According to the U.S Census, in three decades, no single racial or ethnic group will comprise the majority of the U.S. population. In many parts of the U.S. this reality has already arrived. Many countries—including Belgium, Switzerland, India, Bolivia, and Ethiopia—are multicultural and multilingual societies. The United States prides itself on being “a nation of immigrants,” yet it has cultivated a multicultural, monolingual society. Discrimination on linguistic grounds remains publicly acceptable in ways that other forms of discrimination are not. Indeed, language use and variation in the United States can be interpreted as a form of political allegiance, or as an indication of social, intellectual, or moral worth; it certainly can have economic consequences. In light of changing demographics, immigration, and English-only movements, it is worth considering what is at stake when we talk about language use.

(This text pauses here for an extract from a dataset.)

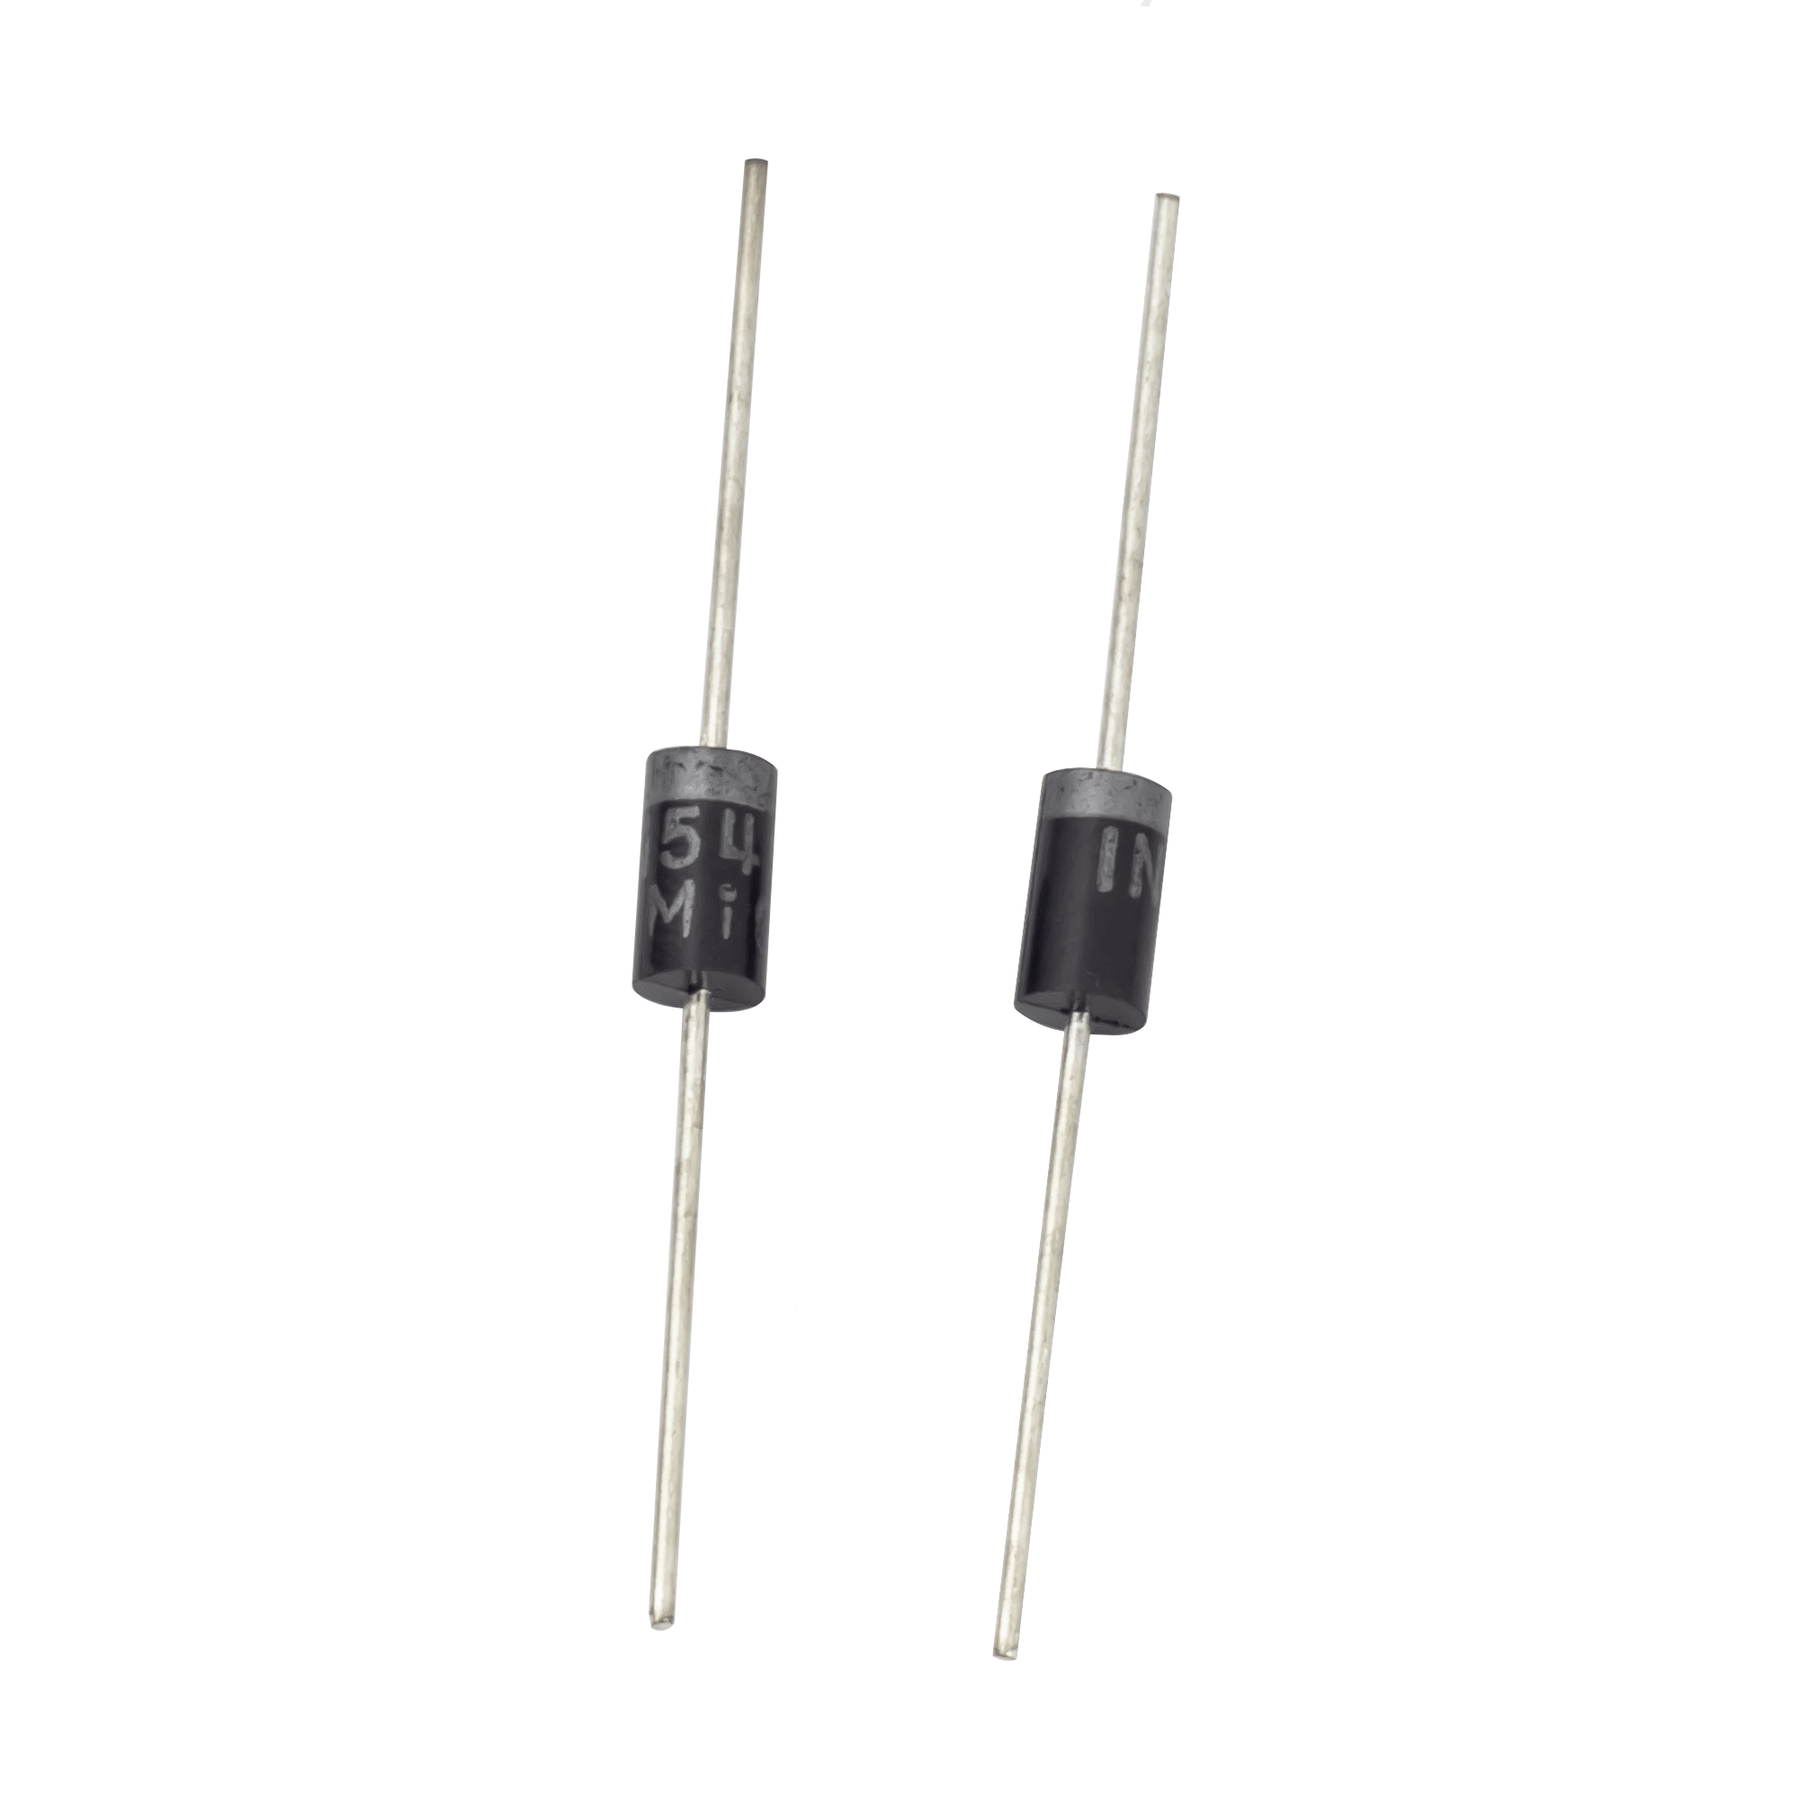 Eagle Lights Simultaneous Flash Prevention Diode Kit for LED Turn Signal
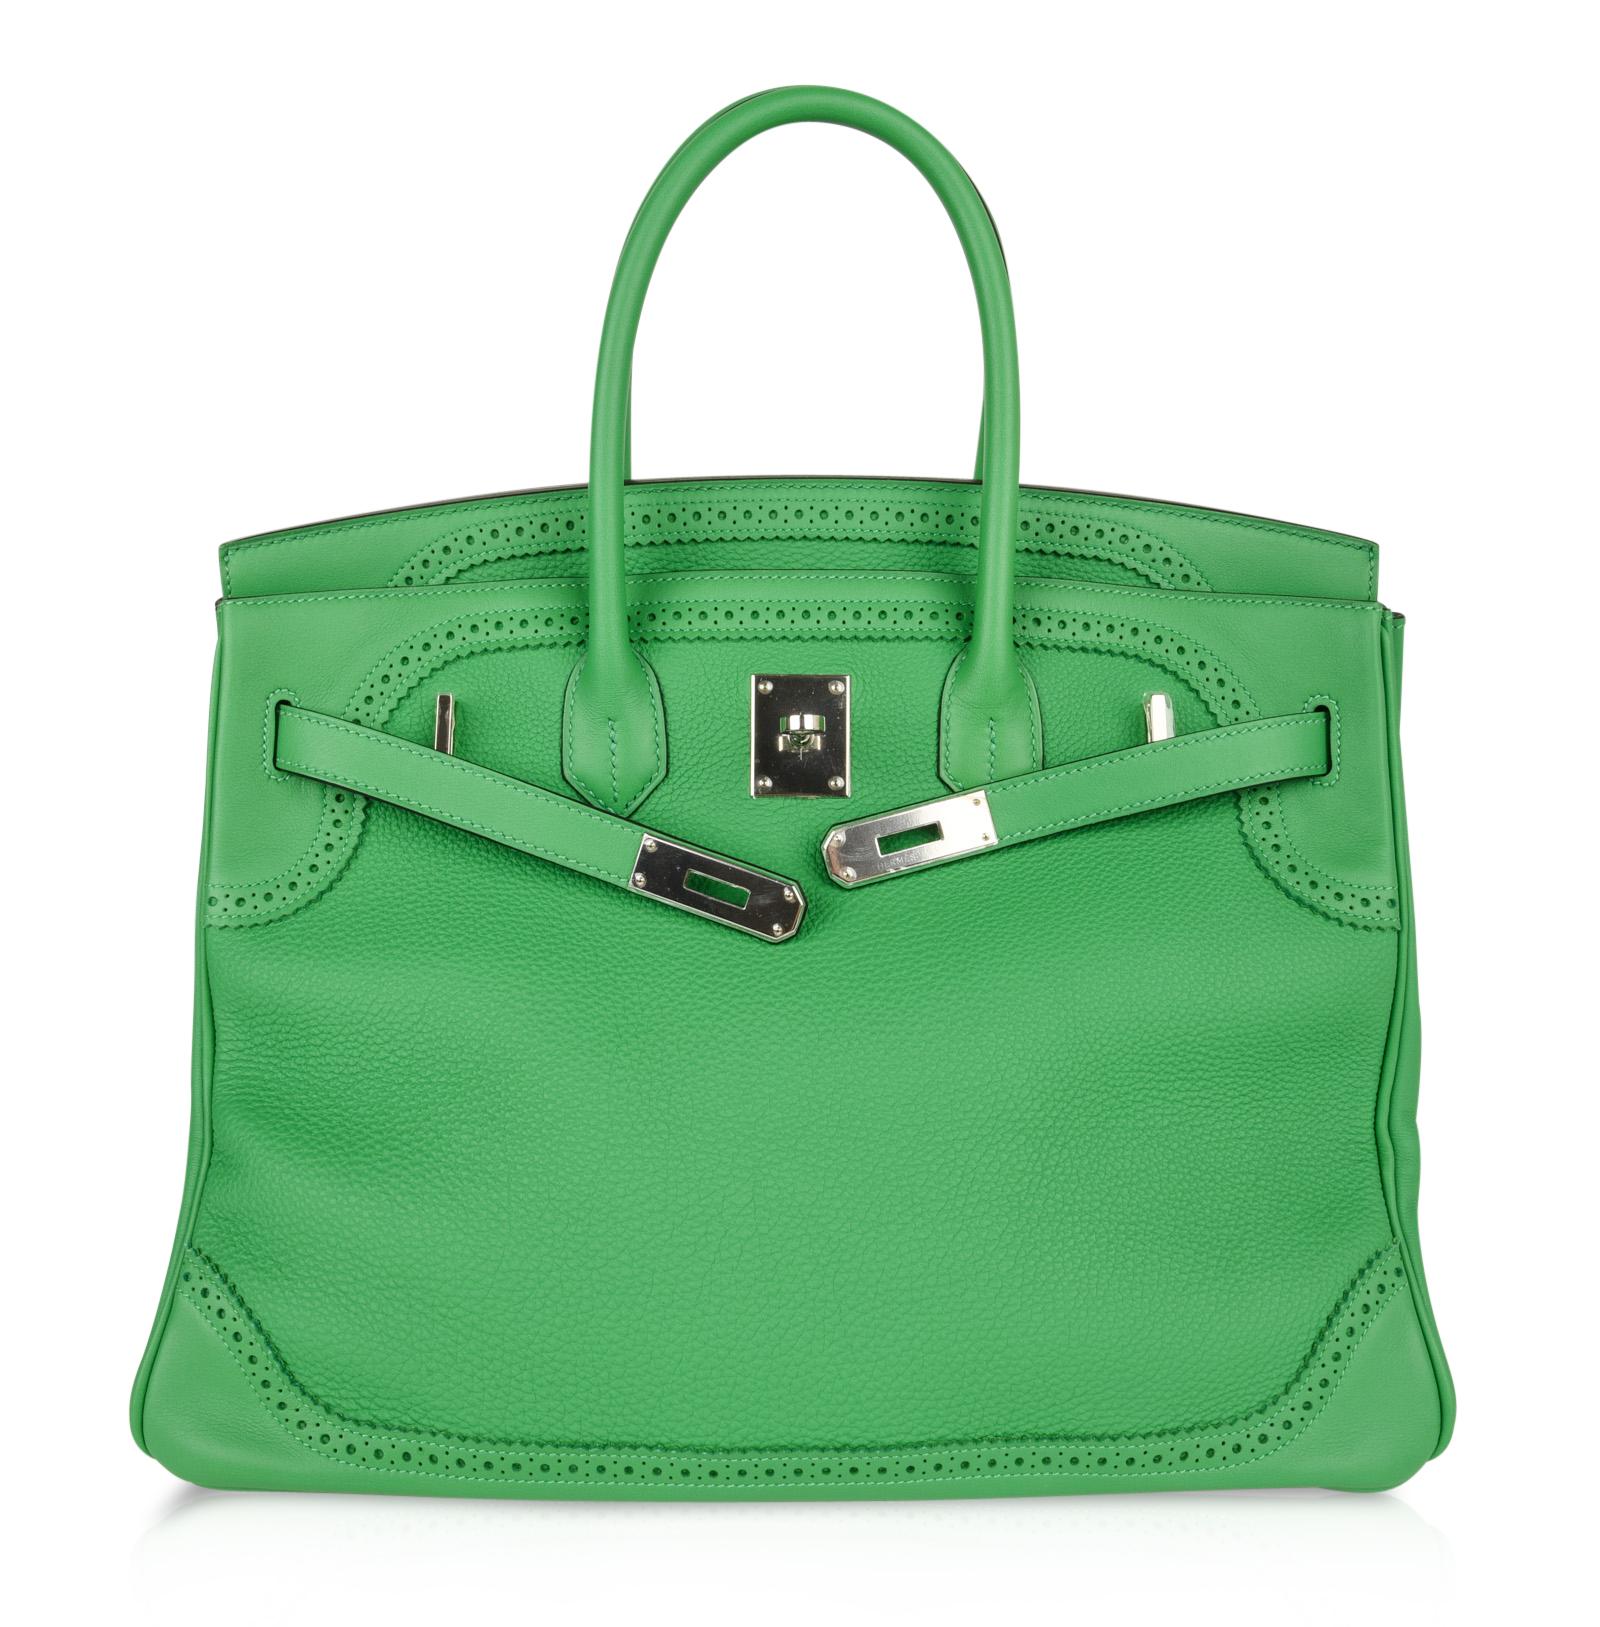 Hermes Birkin 35 Limited Edition Ghillies Bag Rare Bamboo Palladium Hardware In Excellent Condition In Miami, FL

Language is much more than a form of communication. Social power is achieved through strategic efforts to control language and, thereby, control not only what can be said, but also how the world can be known. While most languages have a word for “dog” there are many words that do not have a direct translation. For example, most people know the experience of making something worse while trying to fix it, but only German has a word for this (verschlimmbessern). Similarly, and sometimes with far broader importance, the cultural architecture embedded in linguistic structures are often incommensurate. Japanese, for example, is known for having an extensive system of honorifics and comparatively complex forms of politeness used to show respect; in Diné (Navajo), verbs impart much more information than action and tense in English. These are examples of linguistic realities that shape—and are shaped by—human experience. Language regards not just what can be said but also how the world—and our place in it—is known. It is not a coincidence that all forms of violence begin with a dehumanizing slur or that efforts toward cultural domination carry an enormous concern for linguistic regulation.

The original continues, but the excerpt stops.